Затем повернулся к Роуэну: – Можете отплыть, как только я услышу от капитана Баббингтона, прибыли транспорты в Кефалонию или нет. В дальнейшем не теряйте ни минуты этого прекрасного попутного ветра. Вот и он. Капитан Баббингтон, доброго вам дня. Транспорты в Кефалонии? Все хорошо?
– Да, сэр.
– Мистер Роуэн, доложите командующему, что транспорты в Кефалонии, и все в порядке.
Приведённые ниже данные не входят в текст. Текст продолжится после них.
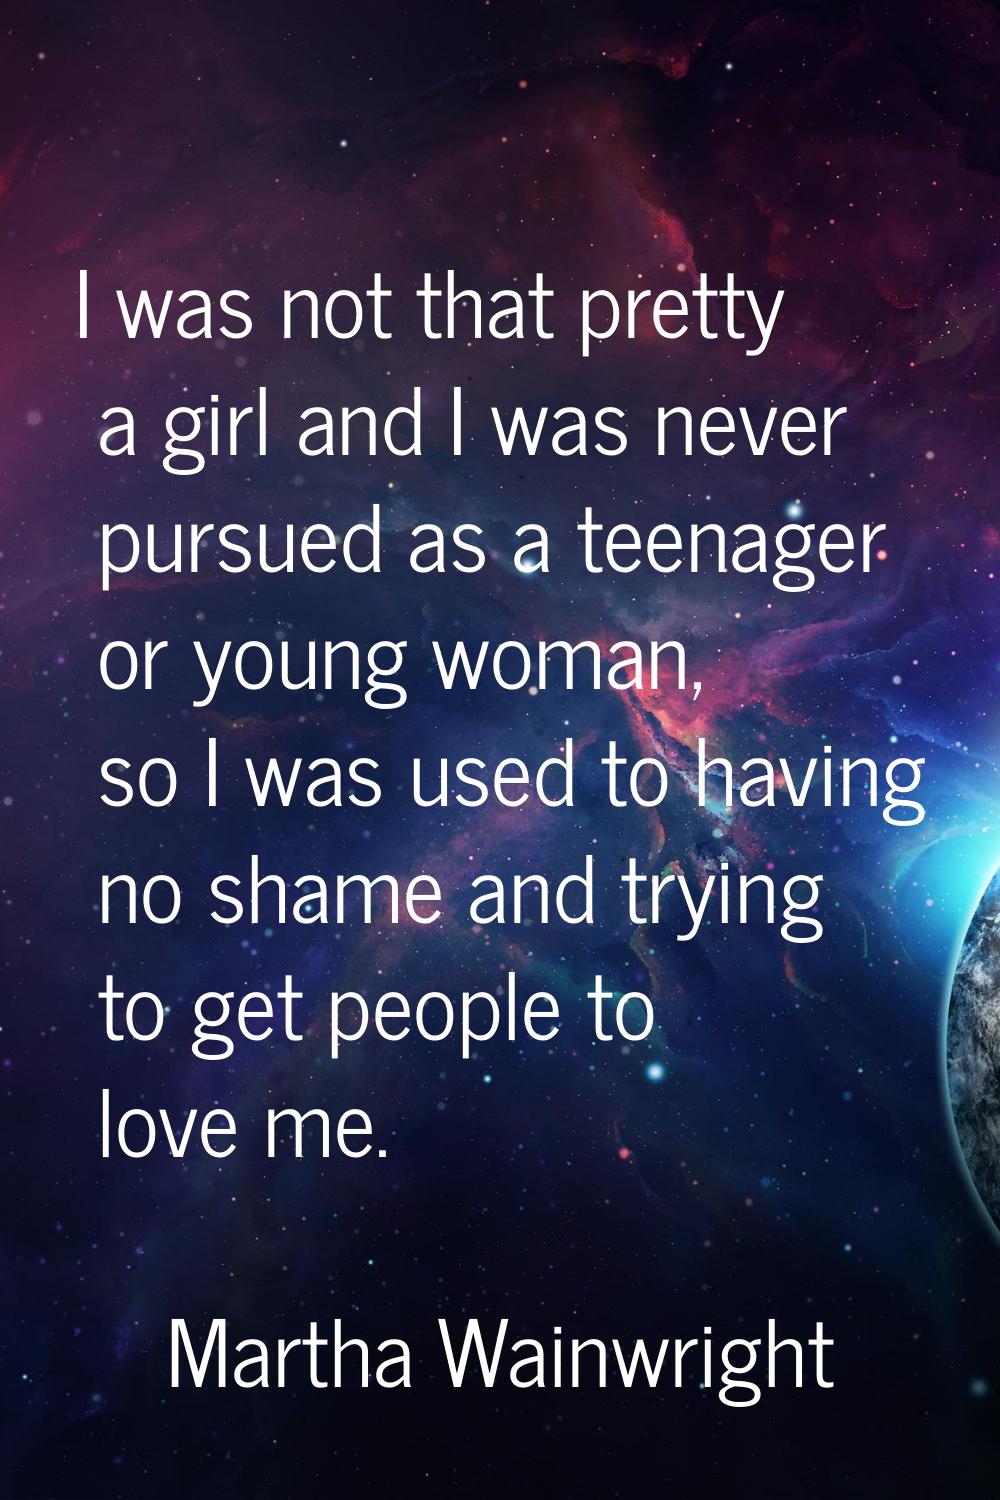 I was not that pretty a girl and I was never pursued as a teenager or young woman, so I was used to
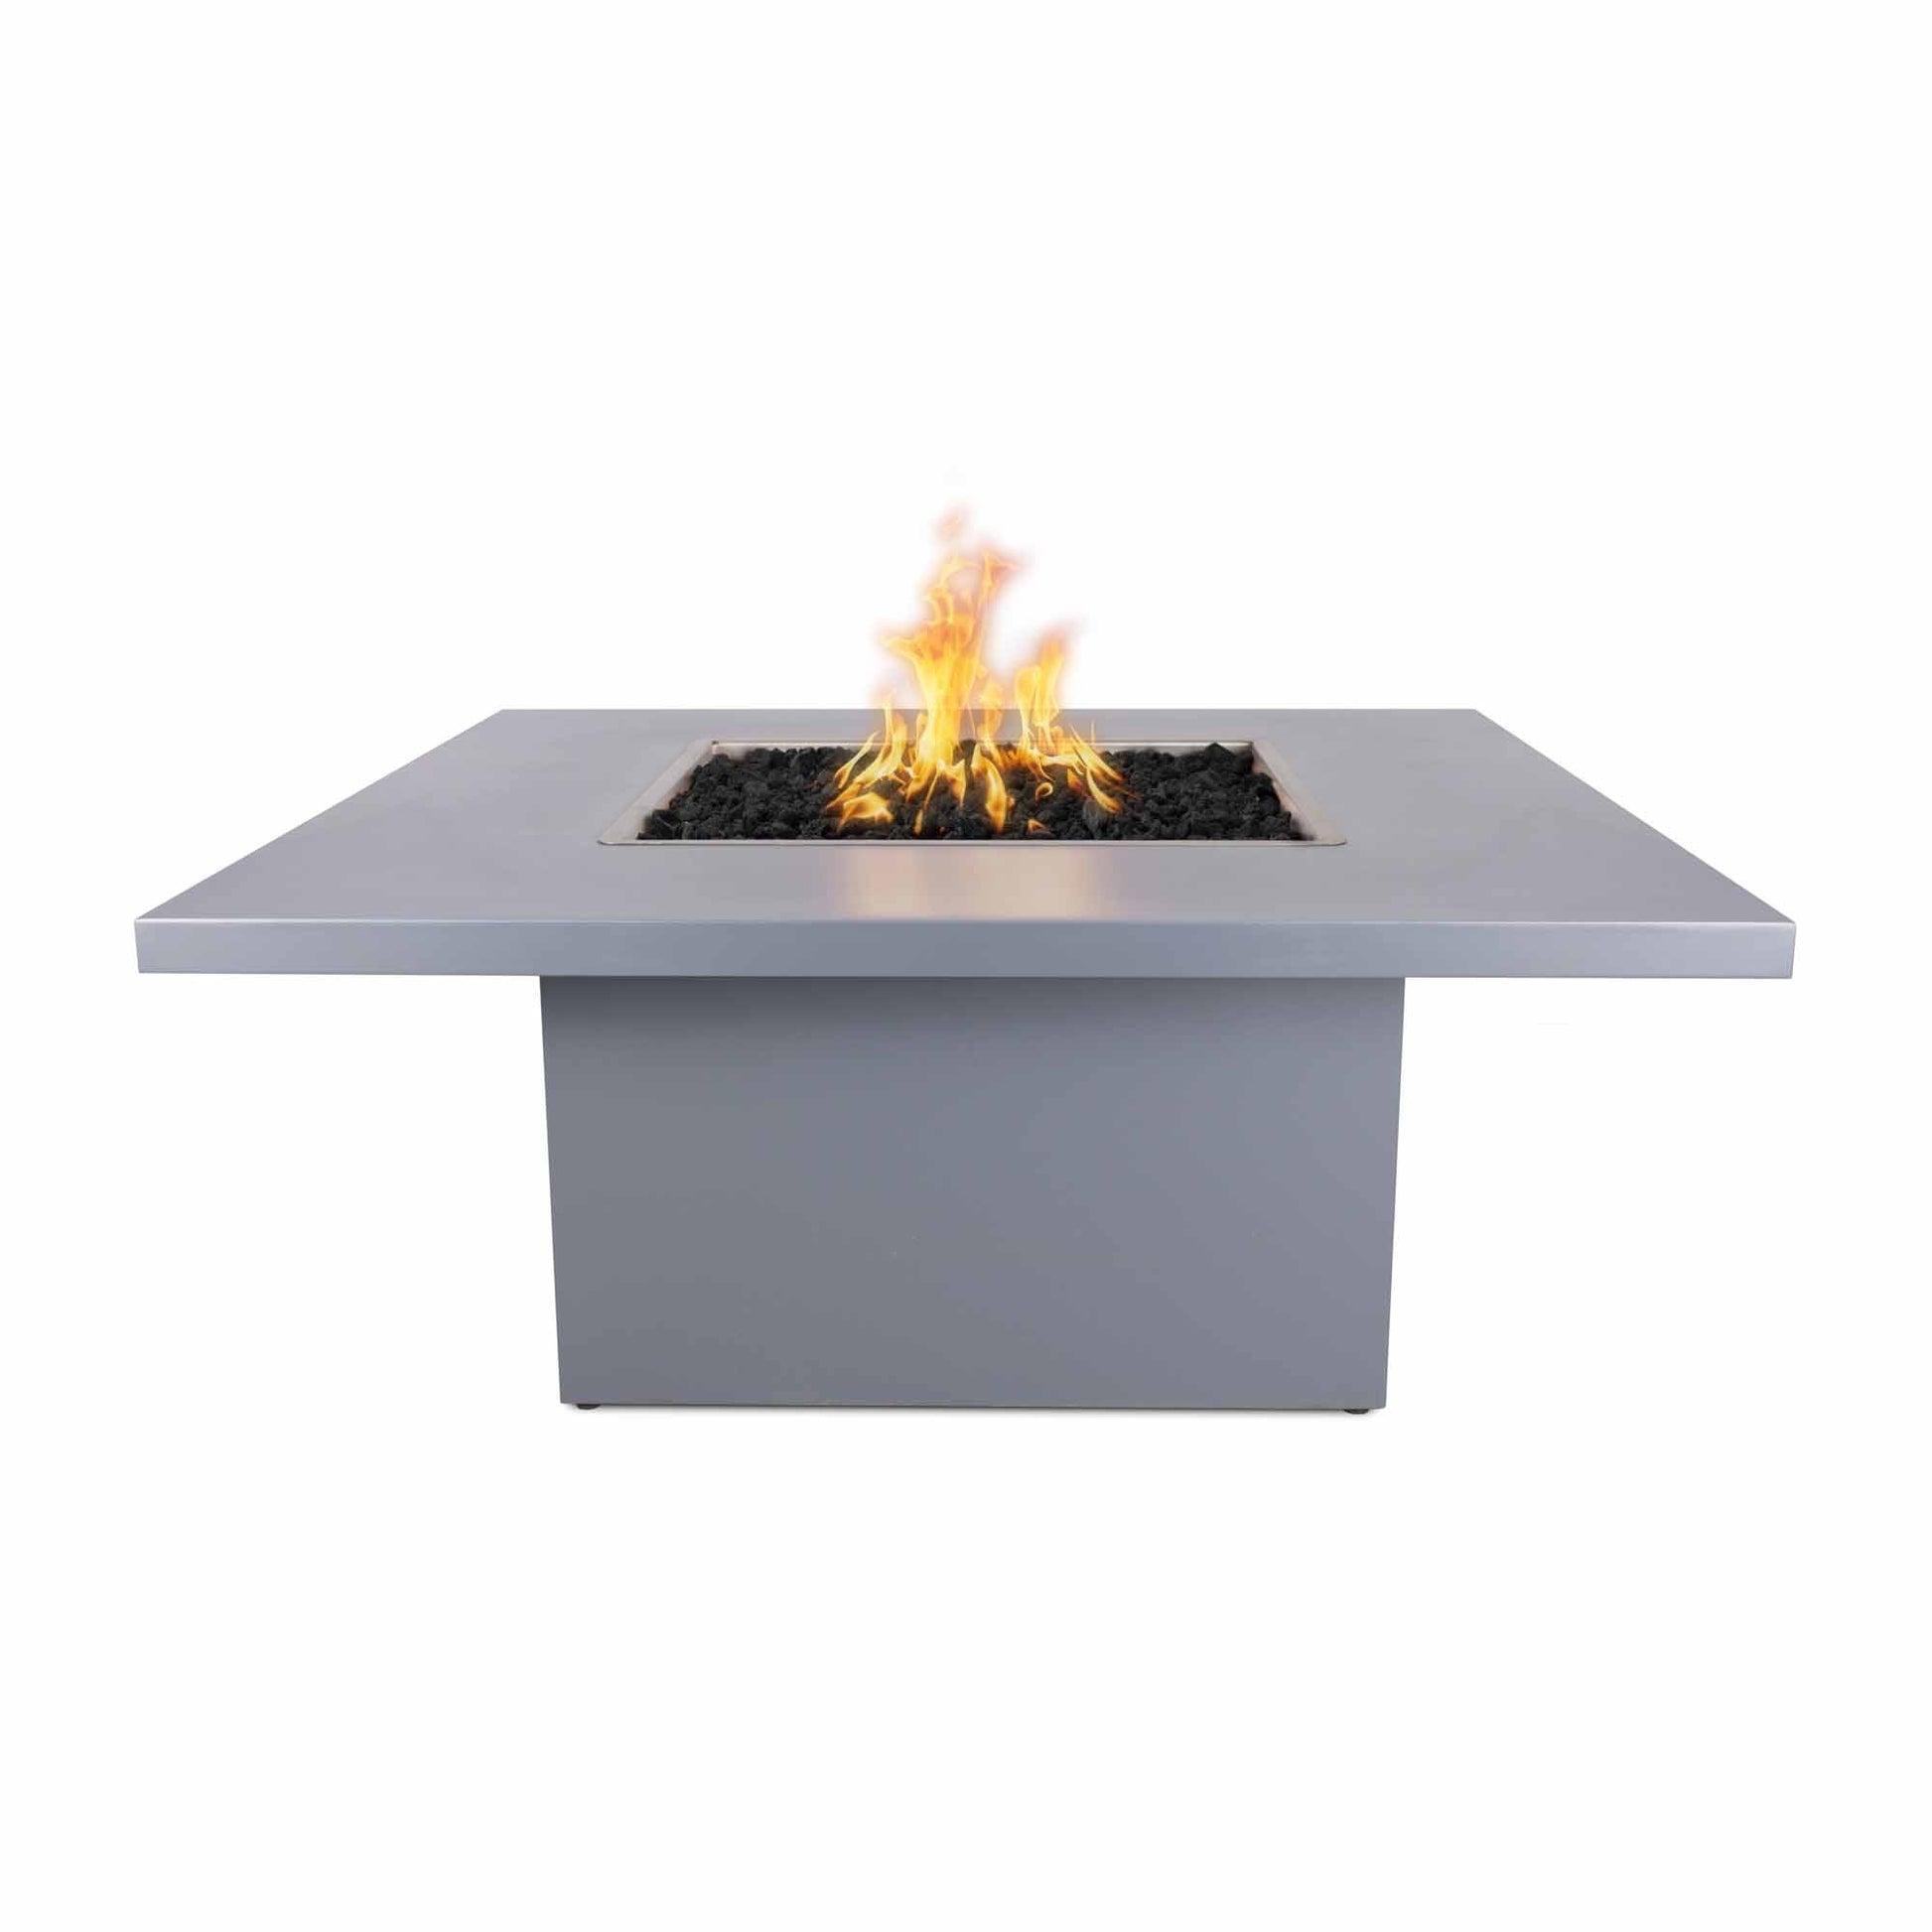 The Outdoor Plus Square Bella 60" Hammered Copper Natural Gas Fire Pit with Match Lit with Flame Sense Ignition

Вам не следует упоминать тот факт, что вы видели один из кораблей эскадры, до отказа забитым женщинами, вы не должны сообщать об этом открытом и, я бы сказал, бесстыдном нарушении "Свода законов военного времени", поскольку это неприятная задача падает на плечи вашему начальству, не нужны и никакие замечания о плавающих борделях и падении дисциплины в теплых восточных водах, ибо они достигнут ушей командующего и без вашей помощи.
Теперь прошу подняться на борт нашего приза и, не теряя ни минуты, проследовать на Мальту: не все мы можем высвободить время, чтобы тешить свою похоть.
– Сэр, – воскликнул Баббингтон, когда Роуэн исчез за бортом, – позвольте мне заявить протест!.. То есть, отрицать...
– Вы же не будете отрицать, что здесь присутствуют женщины? Уж я-то вижу разницу между Адамом и Евой не хуже любого другого, даже если сия разница неведома вам. А еще я вижу разницу между усердным офицером и лентяем, который предается утехам в порту. И не надо пытаться на меня давить.
– Нет, сэр, но это все добропорядочные женщины.
– Тогда почему они так ухмыляются и жестикулируют?
– Но это только их манеры – они все с Лесбоса.
– И, конечно, у каждой папа – священник, а сами девушки – ваши сестры в третьем колене, как и та девушка с Цейлона?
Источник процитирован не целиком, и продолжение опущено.